Daniel Aguiar Espínola e Marcus Vinicius Braga, Estadão
Richard Thaler (1945-), pesquisador americano laureado com o Prêmio Nobel de Economia em 2017, inserido no ramo do conhecimento comumente chamado de economia comportamental, defendeu em suas obras que o comportamento das pessoas não segue, necessariamente, a lógica apontada pela teoria econômica clássica.
Sustentado nos ombros de outros gigantes, também ganhadores do mesmo prêmio, como Daniel Kahneman (1934-) e Herbert Simon (1916-2001), Thaler humanizou a discussão econômica, observando que o homo economicus - chamado por ele de "Econs" - que atua e decide de forma racional, com amplo acesso à informação e plena capacidade de processamento, é uma abstração. O mundo, segundo Thaler, é feito de pessoas reais, e as escolhas dos indivíduos não seguem uma racionalidade tão perfeita e previsível. Para o ganhador do Nobel, antes de "Econs", seríamos, na verdade, "Humans".

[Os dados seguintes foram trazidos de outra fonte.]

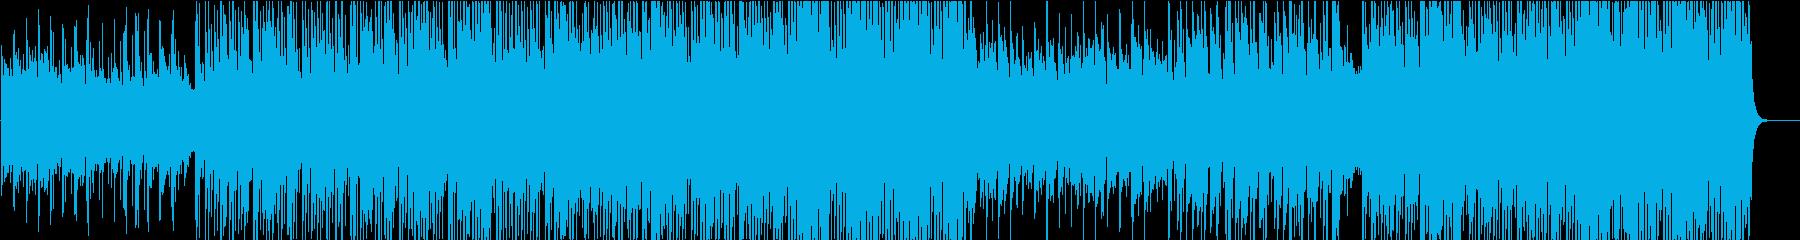 オーケストラルヒップホップの再生済みの波形

As discussões de Thaler ilustram algo que já se sabe intuitivamente - que a visão do indivíduo, suas motivações e sua lógica, são pressupostos relevantes para qualquer constructo teórico. E em tempos nos quais as discussões de integridade andam tão afloradas, em especial na Administração pública, certamente essa abordagem se aplica à questão: De que ser humano estamos falando quando o tema é a agenda anticorrupção?
Quando se tenta compreender as motivações que levam um agente público a adotar uma conduta desonesta, o senso comum nos arrasta para os extremos de pessoas íntegras contrapostas às facínoras. As primeiras buscam ser corretas em quaisquer circunstâncias, e as segundas buscam burlar as regras, qualquer que seja o contexto. Este raciocínio implica em um reducionismo frente a uma questão tão complexa. Todavia essa mesma falácia cotidiana direciona com frequência a agenda anticorrupção governamental, gerando implicações práticas e reflexos nas políticas públicas.
Nessa visão simplista, a honestidade seria algo dado, de foro íntimo, fruto de história familiar ou de uma formação religiosa, e se fortaleceria através de convencimentos externos, fundamentados em uma sólida base moral. Superestima-se dessa forma o altruísmo, na visão de que os indivíduos buscarão sempre fazer a coisa certa, independentes de um sistema de sanções e incentivos, simplesmente por terem personalidades que cultuam valores, convencidos de seguir a senda do bem, independente do contexto.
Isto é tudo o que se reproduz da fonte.